This interpretive approach doesn't claim definitive or doctrinal authority. But it doesn’t need to. The point is to recognize the Holy Spirit's capacity to embed multiple layers of meaning simultaneously. The key principle demands we leave no stone unturned. Never assume you have exhausted a passage.
The danger of this kind of interpretation is coming up with wild doctrines based on these symbols. That’s why the Church Fathers were also committed to reading the bible in the context of the whole of Church tradition.
Lesson 3: Read in the Context of Tradition
The Bible belongs to the Church established by Christ—including the Old Testament. The Church predates the written New Testament and even the canonization of books in the Old Testament.
Prior to the Bible's canonization, disputes existed among the Jews, with the Sadducees, Pharisees, and Essenes each having different lists of inspired books. Over centuries, the canon of scripture arose gradually from within the Church's life of worship and was eventually defined in the fourth century. Because Christ vested authority in the apostles generally and in Peter specifically to pass on his teachings, the Scriptures must be read from within the very body that canonized, interprets, and passes them on.
Scripture and Tradition are not opposed, as some Protestants suggest; rather, they go together, and Scripture is itself a kind of Tradition.

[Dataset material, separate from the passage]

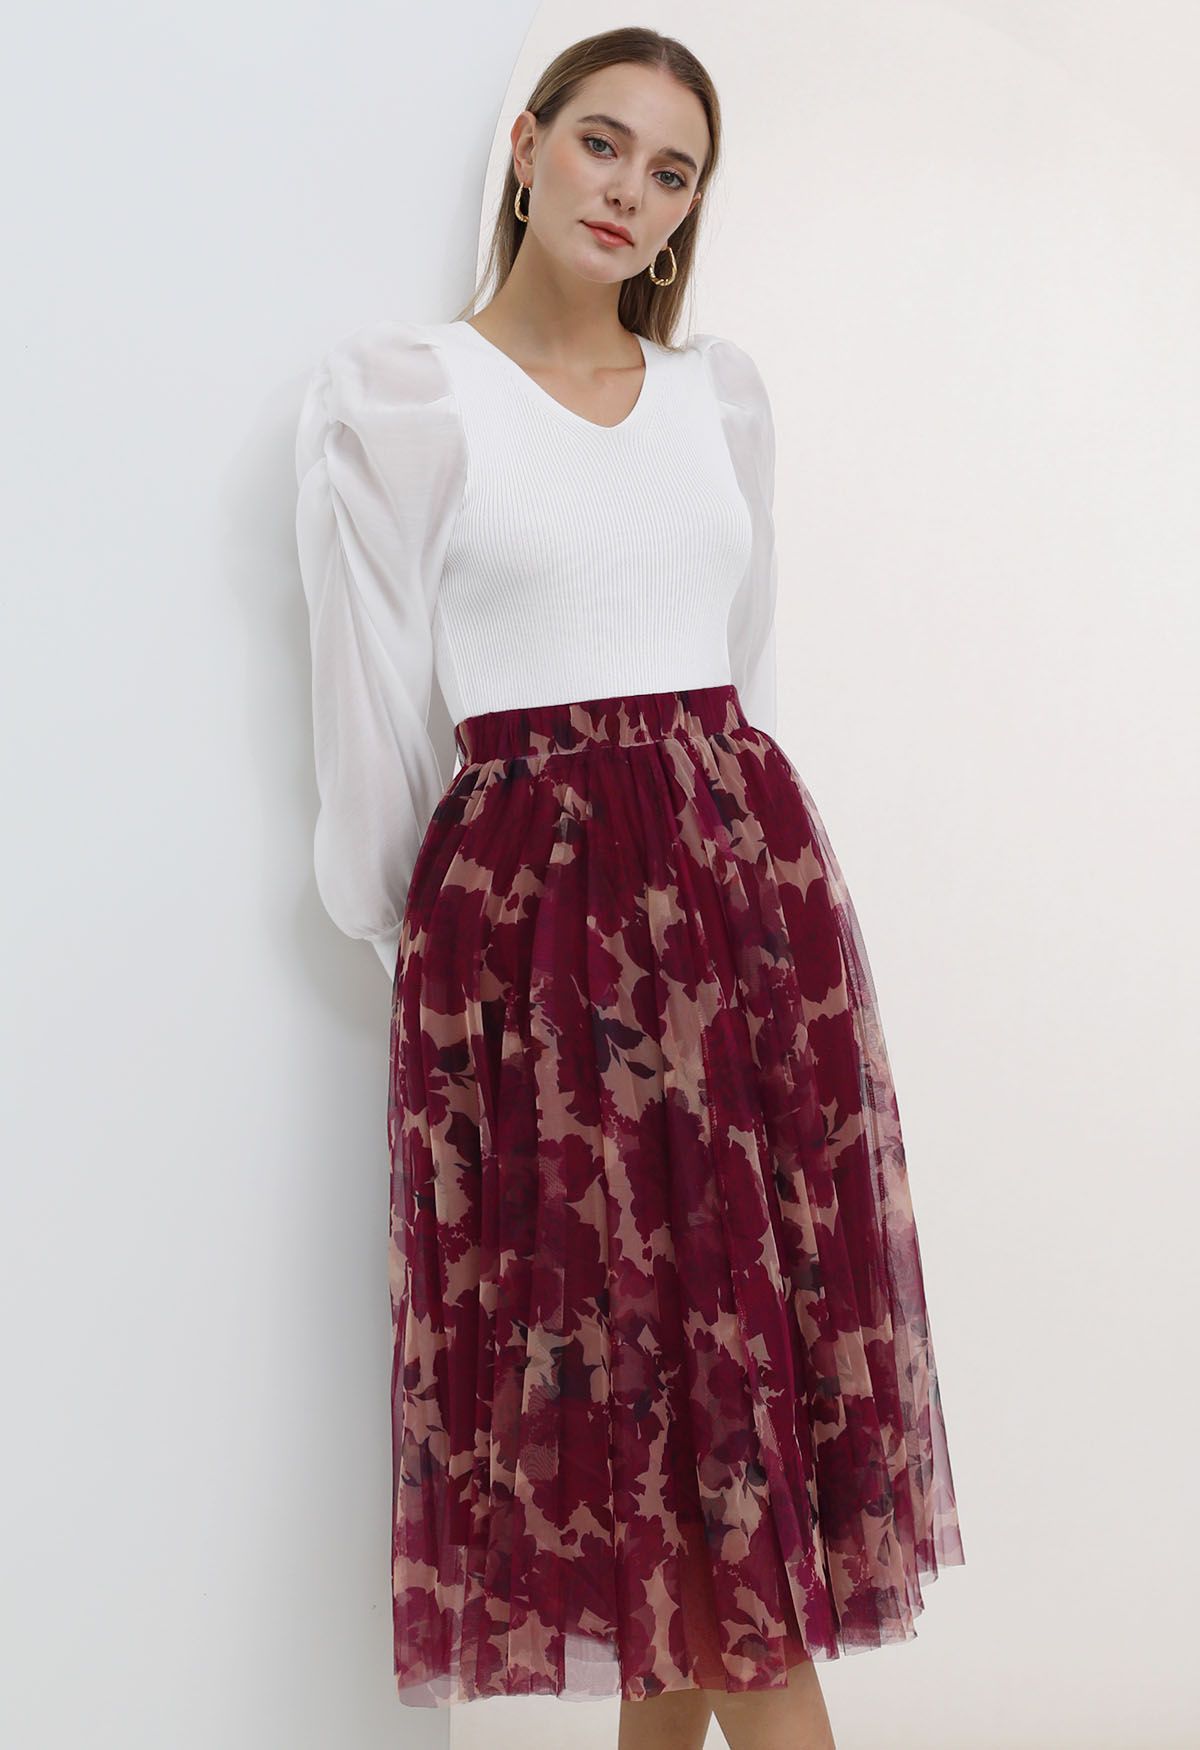 Flourishing Flower Double-Layered Mesh Tulle Skirt

Tradition is simply the passing on of the apostolic faith throughout the generations. The only reason anyone recognizes a text as Scripture is because it has been passed on within the Tradition. Scripture is a part—rather than the sole source—of the deposit of faith, the Revelation He gave us.
Tradition encompasses the way the Church has interpreted Scripture and the oral tradition of the apostles. Because not everything can be written down like Scripture, monuments or landmarks of Tradition—creeds, liturgy, catechisms, and the writings of the saints—function as reliable guides.

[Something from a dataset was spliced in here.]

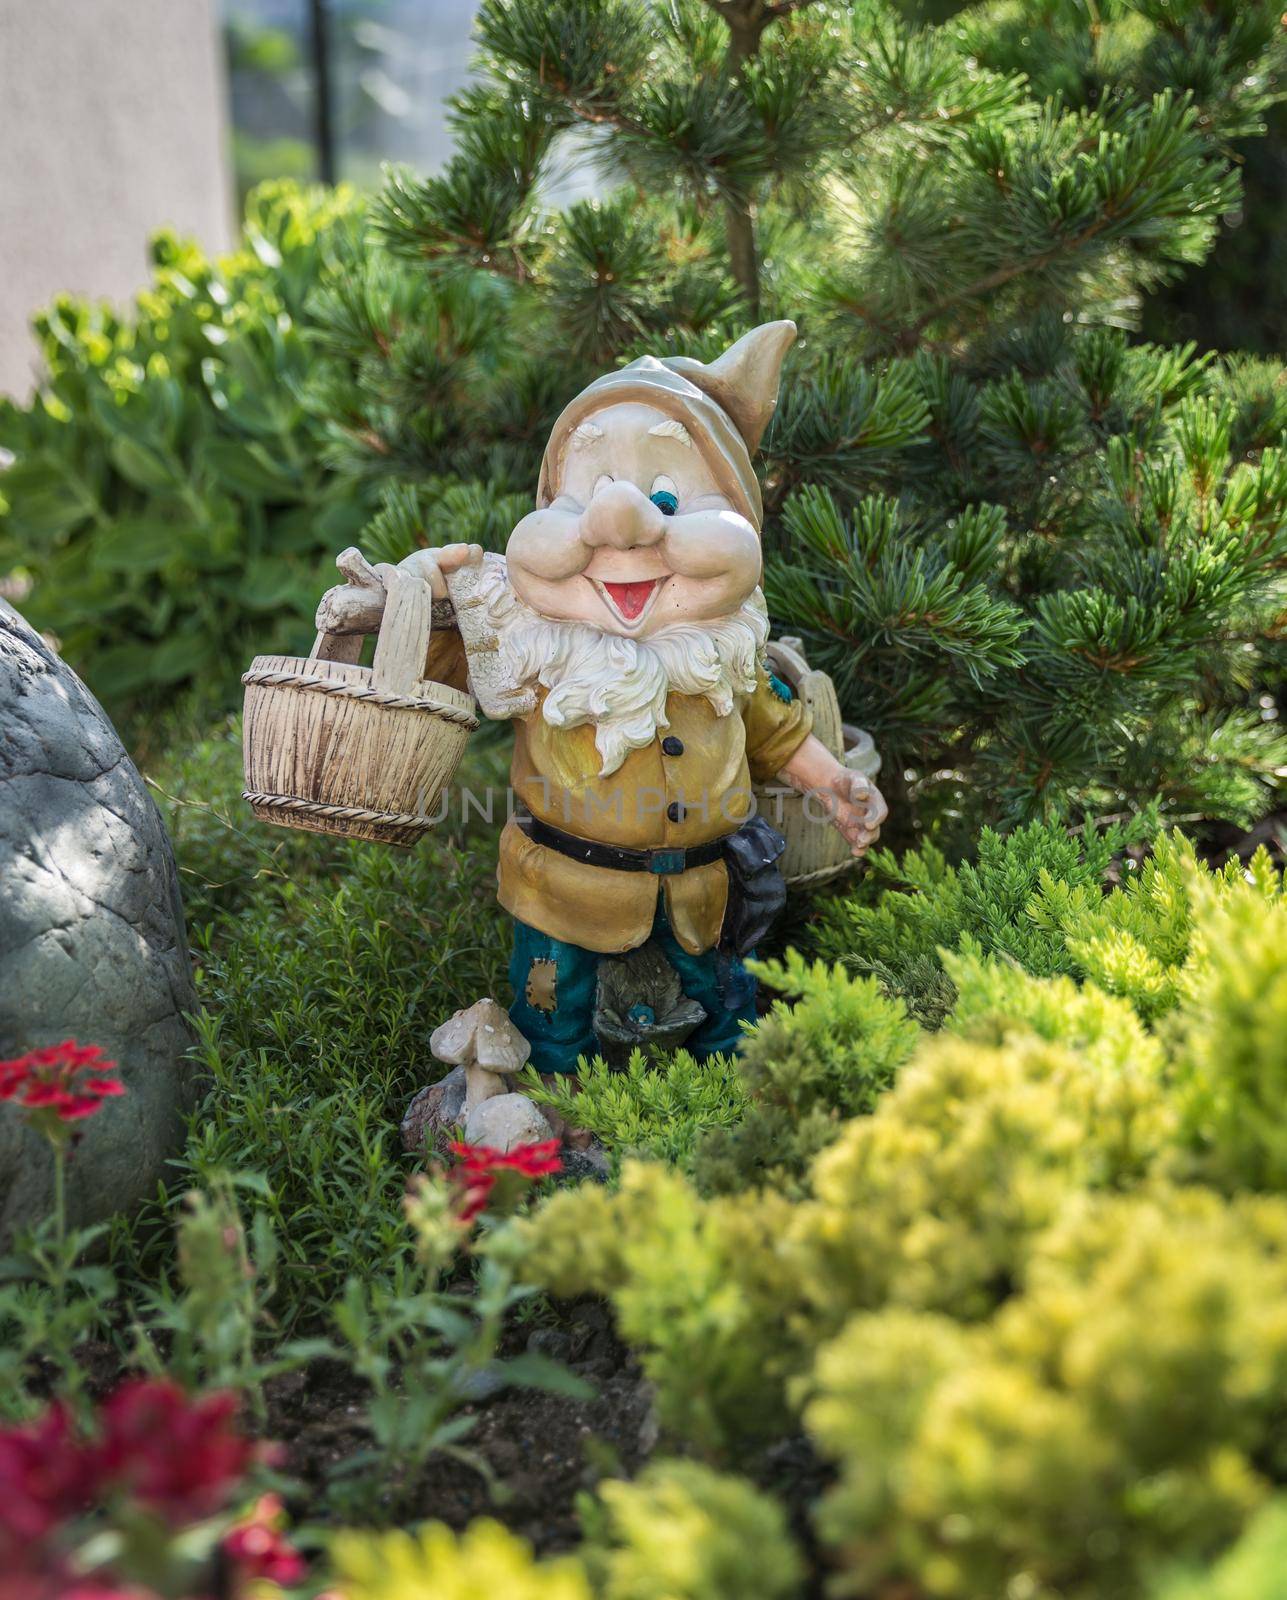 Funny garden dwarf standing among nice flowers

“What if there should be a dispute about some kind of obscure question... must we not have recourse to the most ancient churches?”

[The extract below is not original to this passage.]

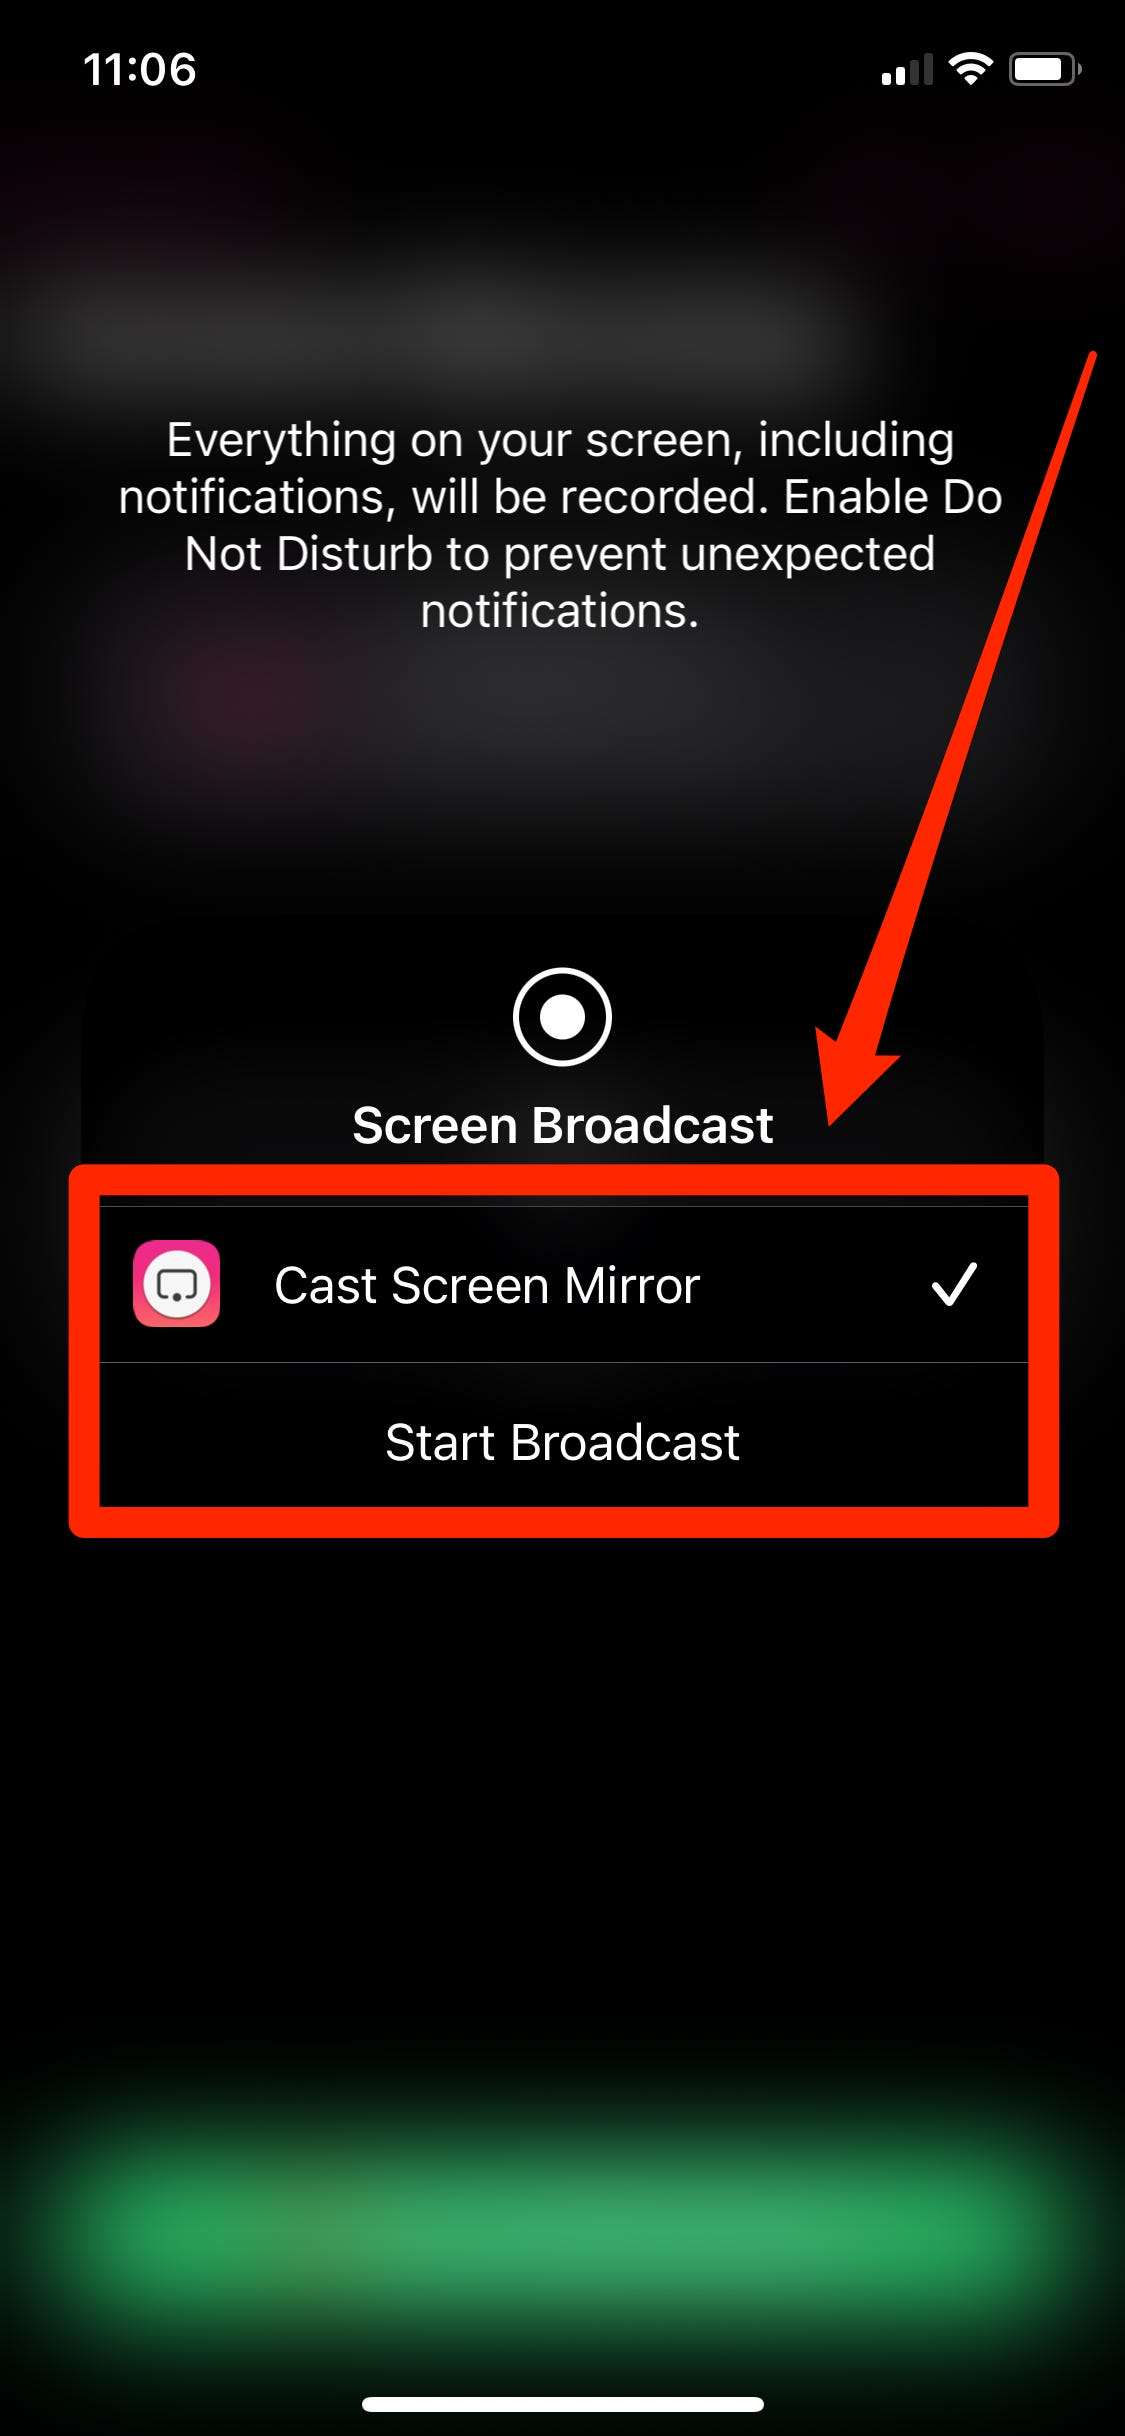 tv mirror for chromecast app

St. Irenaeus, Against Heresies III.4.1
St. Irenaeus states that we must have recourse to the ancient churches and that Scripture is interpreted according to the rule of faith (regula fidei in Latin.) This rule is a summary of what Christians have always believed, serving as the standard to check one's interpretation of Scripture, much like using a ruler to check a measurement.
For people living today, the closest rule of faith is the living Magisterium, which is to the bishops and priests who are teaching today. This rule itself must be checked against the greater rule: the tradition of the apostles passed on throughout the centuries. This tradition is also expressed in our creeds, liturgy, and catechisms, which are everyday instruments used to test and keep private interpretations on track.
The liturgy provides clues to which senses of scripture—literal, allegorical, moral, and anagogical—ought to be read into each passage.
Consider the book of Isaiah, which is read during Advent. Since Advent is about waiting for the birth of Christ, the allegorical sense in passages from Isaiah point to the Nativity of Christ. The Nativity itself is a symbol of Christ coming into our lives. So, the moral sense of Isaiah’s prophecies say something about the first light of Christian faith. For the anagogical sense, the Church's liturgy ties Advent to the Second Coming of Christ. So, the prophecy can also be understood in an anagogical sense, referencing Christ's return.
The liturgy is a great example of something called the “Monuments of Tradition.” These monuments are landmarks for us to check ourselves against the Church.
Tradition leaves tangible breadcrumbs for interpreting Scripture:
Creeds and councils articulate doctrine, using words not found verbatim in the Bible, such as "Trinity" and "Transubstantiation," to describe scriptural realities.
Liturgy ties passages to seasons; for example, daily mass readings often pair Old Testament passages with Gospels, revealing the Church's inner logic in linking them.
The Catechism indexes verses and ties them to specific doctrines. You can look up a passage like Luke 1 in the Catechism's index to find every place it is referenced, showing how the Church has interpreted that verse.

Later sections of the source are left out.